The Chronicles Of Grant County
11,667 Entities Versus 32,556,929 Entities
Part Seven
(The image was provided courtesy of the United States Department of the Treasury.)
An interim final rule has been issued by the United States Department of the Treasury that reduces the number of entities that have to report to the Financial Crimes Enforcement Network (FinCEN) from 32,556,929 to 11,667.
This is one of the anticipated final steps necessary to remove the specific requirements for the majority of businesses in the United States to file Beneficial Ownership Information (BOI) reports to the FinCEN under the Corporate Transparency Act (CTA).
In a news release issued on March 21, 2025, the U S Department of the Treasury stated the BOI reporting requirements no longer applied to "U S companies and U S persons."
In a 36-page document filed with the Federal Register on March 21, 2025, the U S Department of the Treasury laid out the specific details of the regulations and the changes to be made in its enforcement.
The interim final rule issued on March 21, 2025, "…retains the requirement for foreign reporting companies, and their beneficial owners (excluding U S persons), to report their BOI to [the] FinCEN, while extending the deadline for those companies to file initial BOI reports, or update or correct previously filed BOI reports, to 30 days after the date of this publication or 30 days after their registration to do business in the United States, whichever comes later."
In a filing with the Federal Register on September 30, 2022, the U S Department of the Treasury indicated that "…the estimated cost per initial BOI report ranges from $85.14 to $2,614.87, depending on the complexity of a reporting company's beneficial ownership structure.

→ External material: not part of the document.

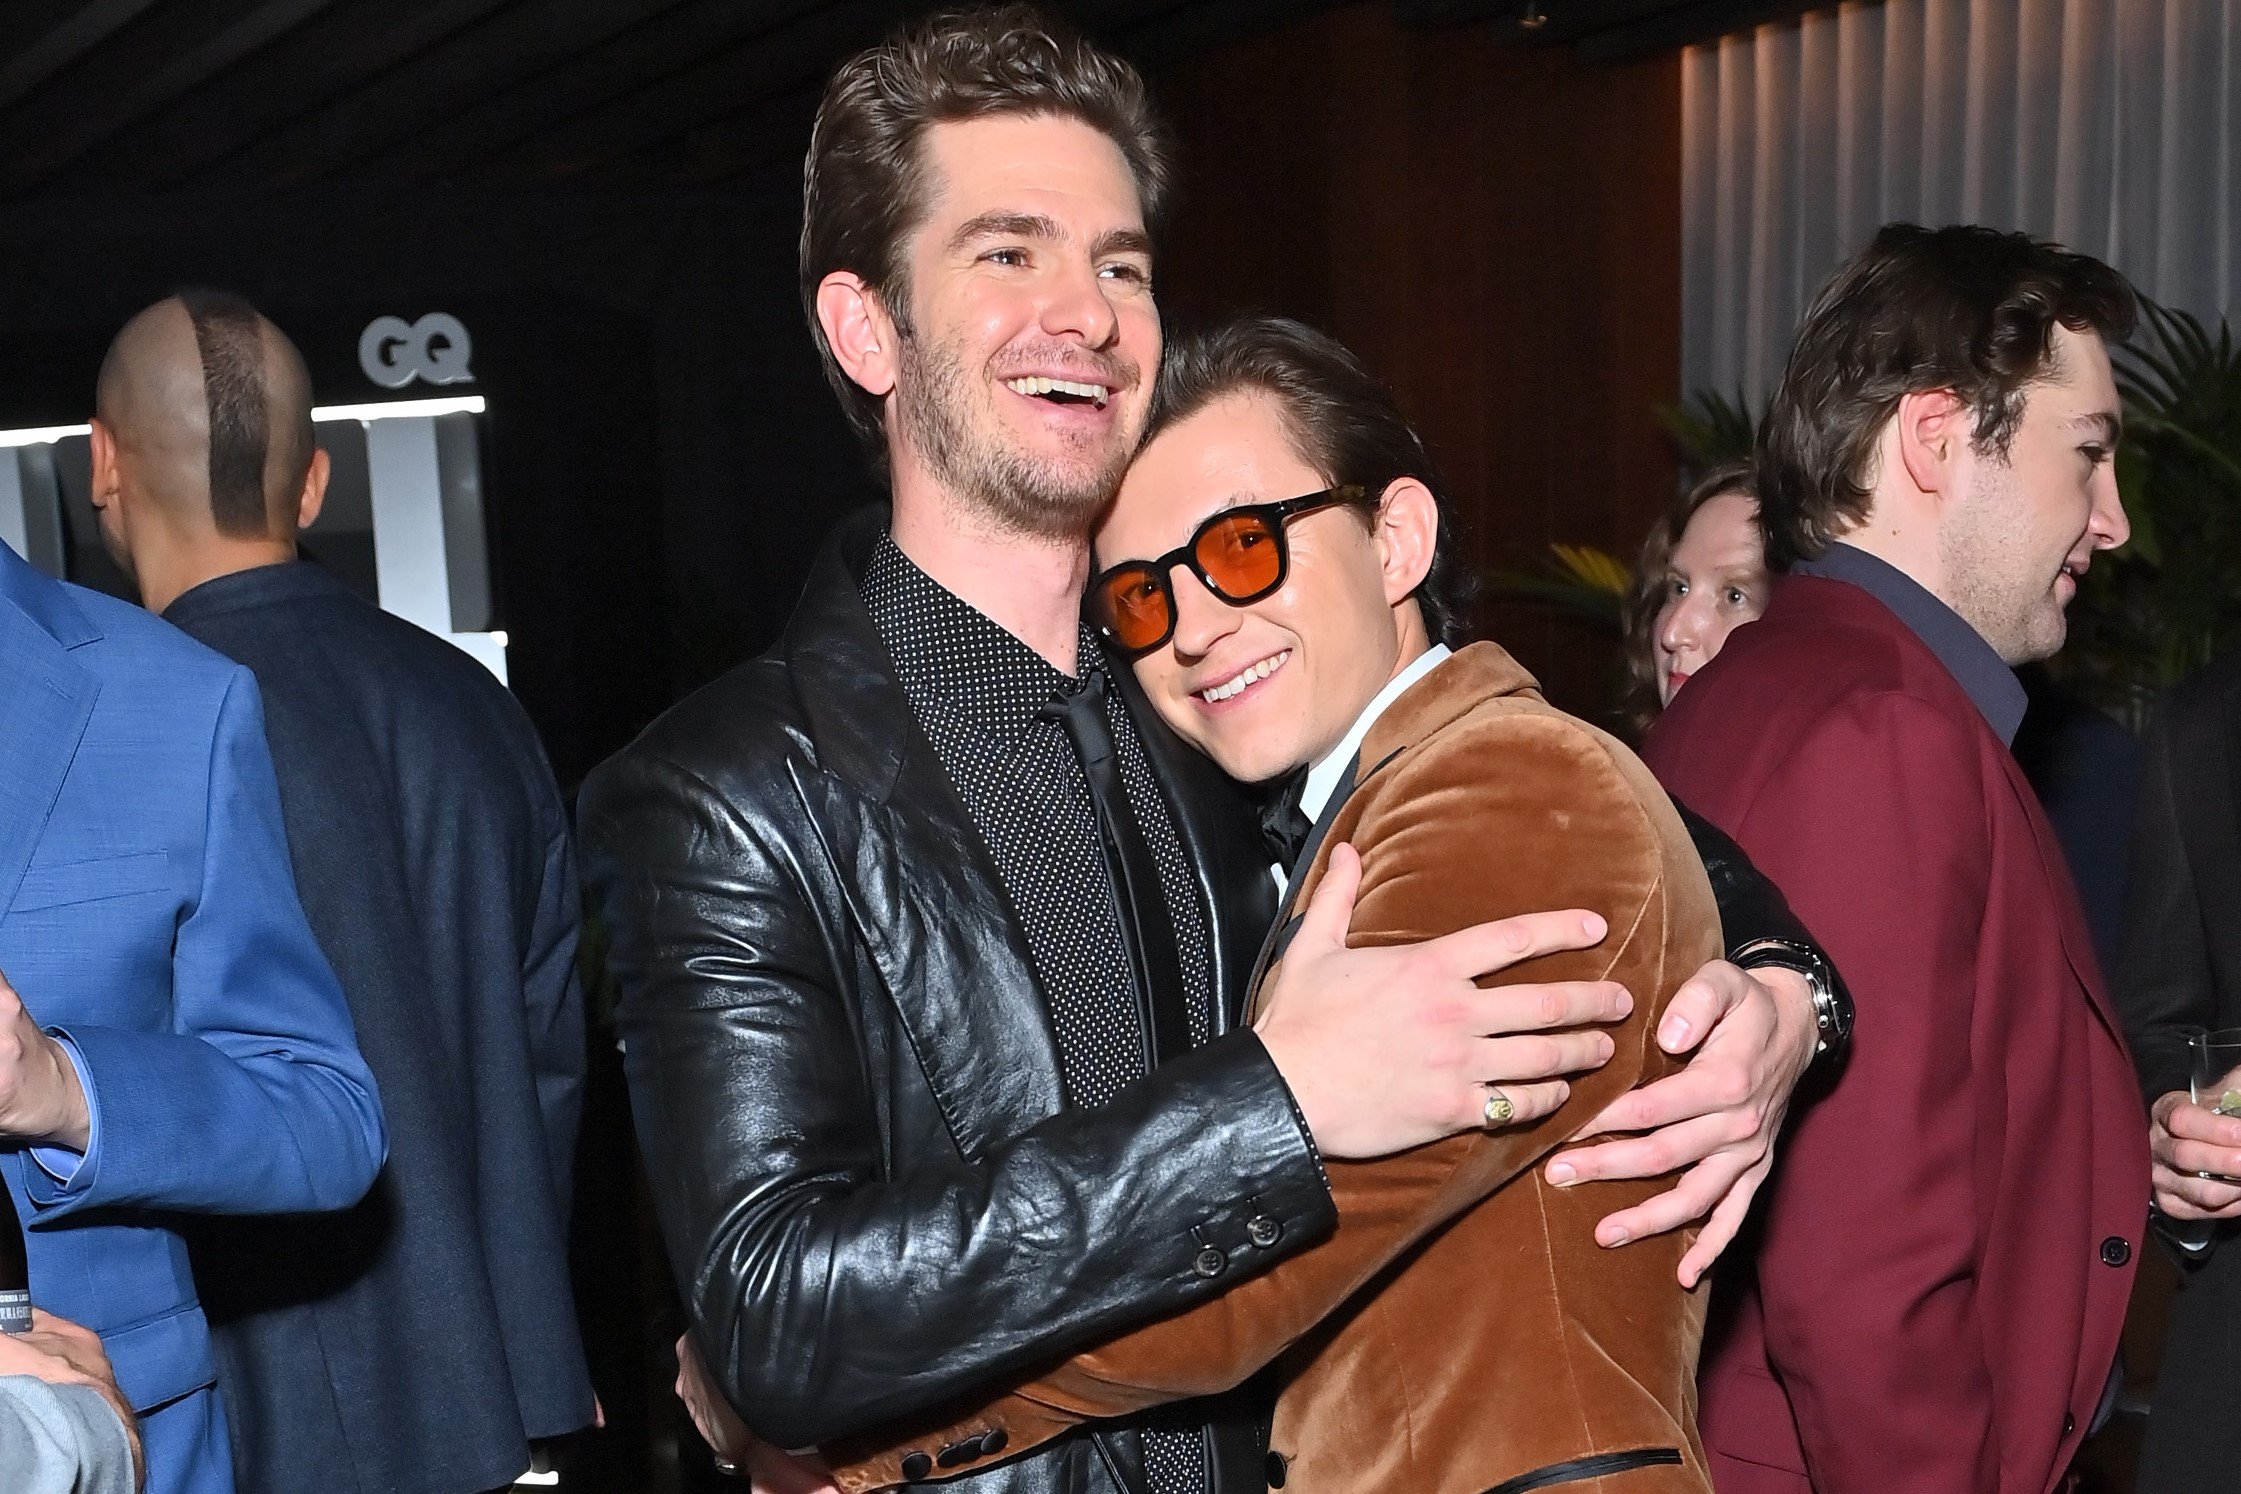 'Spider-Man: No Way Home' star Tom Holland embraces Andrew Garfield. Holland wears a light brown velvet suit jacket and orange-tinted glasses. Garfield wears a black leather jacket over a black button-up shirt with white polka dots and a black tie. Andrew Garfield, along with Tobey Maguire, are rumored to appear in 'Spider-Man: No Way Home.'
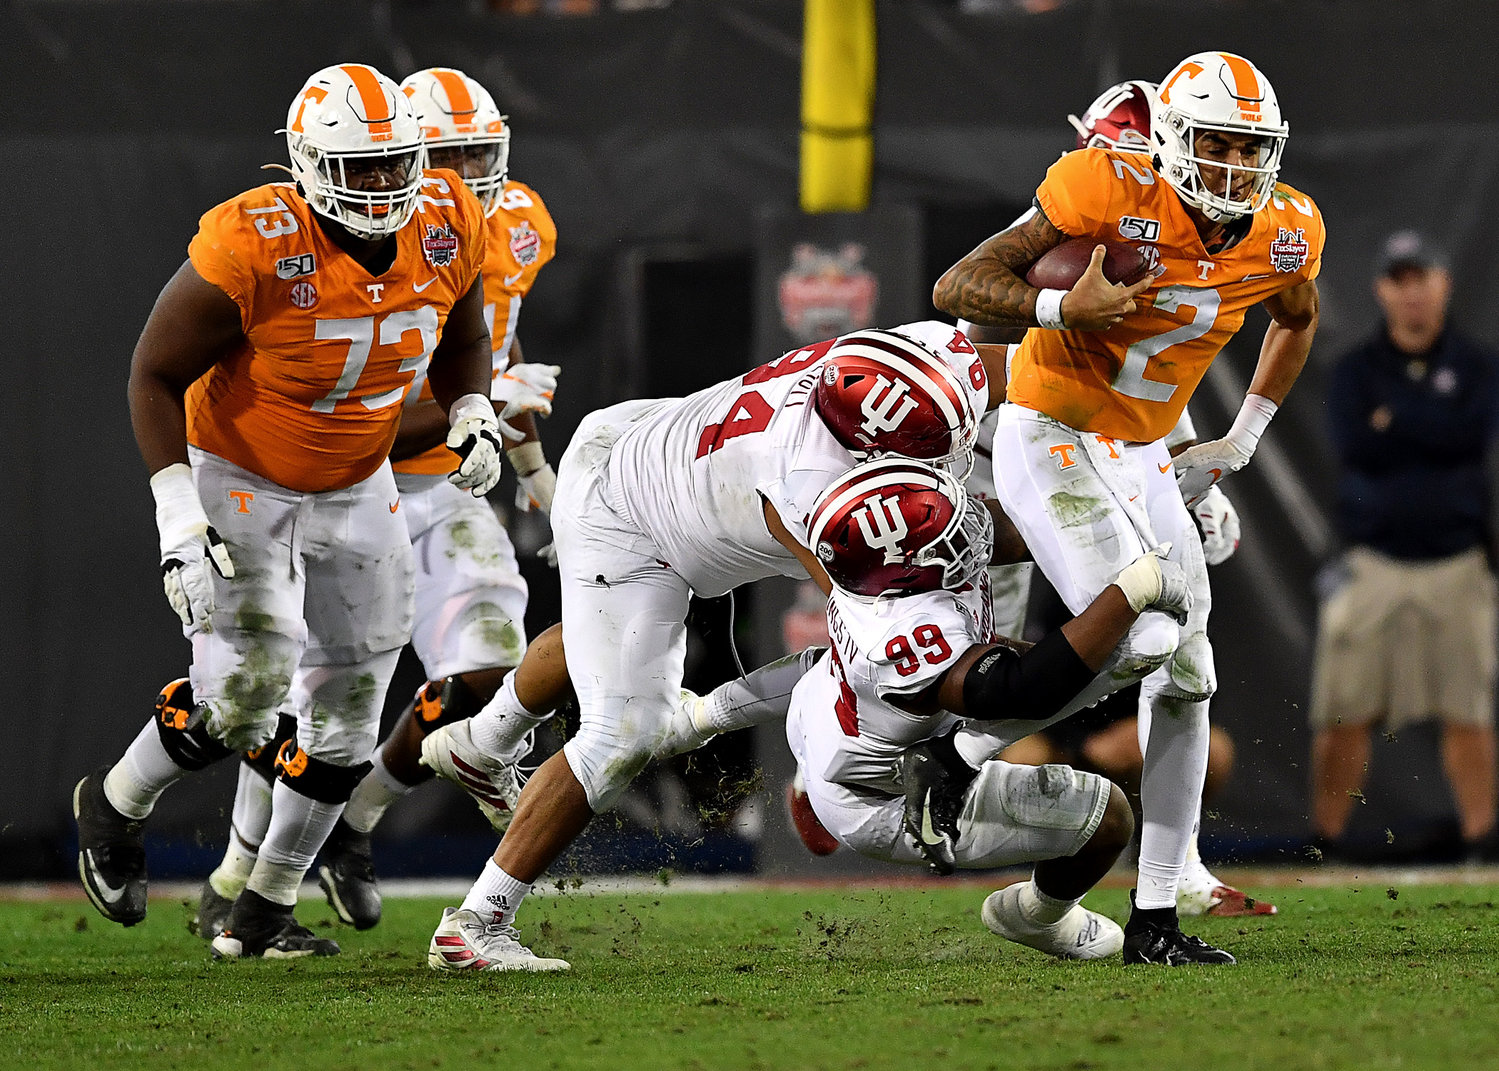 Tennessee Volunteers quarterback Jarrett Guarantano (2) on a keeper in the second half of the Gator Bowl NCAA football game against the Indiana Hoosiers Thursday, January 2, 2020, at TIAA Bank Field in Jacksonville, Fla.

That cost does not change depending on whether reporting companies have to incur it within one year or two years of the rule's effective date. If all 32,556,929 existing reporting companies have to incur it in the same single year, the aggregate cost to all existing reporting companies is approximately $21.7 billion for Year 1, after applying the beneficial ownership distribution assumption."
Additional billions in costs were anticipated to be the result of business entities having to update their initial BOI reports in future years.
A few additional quotes from the filing with the Federal Register on March 21, 2025:
"The CTA recognizes that BOI reporting requirements impose burdens on businesses. The CTA therefore directs the Secretary [of the Treasury] to 'minimize burdens on reporting companies associated with the collection of the information…in light of the private compliance costs placed on legitimate businesses.' The CTA also authorizes the Secretary [of the Treasury] to exempt from the reporting requirements 'any entity or class of entities' if the Secretary [of the Treasury], with the written concurrence of the Attorney General [of the U S] and the [U S] Secretary of Homeland Security, determines that 'requiring beneficial ownership information from the entity or class of entities…would not serve the public interest' and 'would not be highly useful in national security, intelligence, and law enforcement agency efforts to detect, prevent, or prosecute money laundering, the financing of terrorism, proliferation finance, serious tax fraud, or other crimes.'"
"This rule does not impose any new obligations, but rather exempts domestic reporting companies and U.S. persons who are beneficial owners of foreign reporting companies from the Reporting Rule requirements, and it relaxes the deadlines for reporting obligations for foreign reporting companies. Thus, this rule may be immediately effective under 5 U.S.C. 553(d)(1) as a 'substantive rule which grants or recognizes an exemption or relieves a restriction.' For the same reason, a delayed effective date is unnecessary: because this interim final rule exempts domestic reporting companies and U S persons who are beneficial owners of foreign reporting companies from the Reporting Rule requirements, rather than imposes obligations, the public does not need time to prepare to comply with it. Moreover, as explained in Section III, delaying the effective date of this rule would be impractical and unnecessary. FinCEN therefore finds good cause for making this rule effective immediately upon publication in the Federal Register,
as permitted by 5 U.S.C. 553(d)(3)."
In this filing with the Federal Register, the U S Department of the Treasury stated that the revised enforcement procedures will result in 11,667 entities having to file BOI reports with the FinCEN.
No word yet on what happens to the information provided by the millions of businesses and individuals that have already filed BOI reports with the FinCEN.
As noted previously in this news series, businesses may want to contact an attorney or another professional of their choice to determine whether they are required to file a BOI report or if they may be exempt from filing a BOI report with the FinCEN.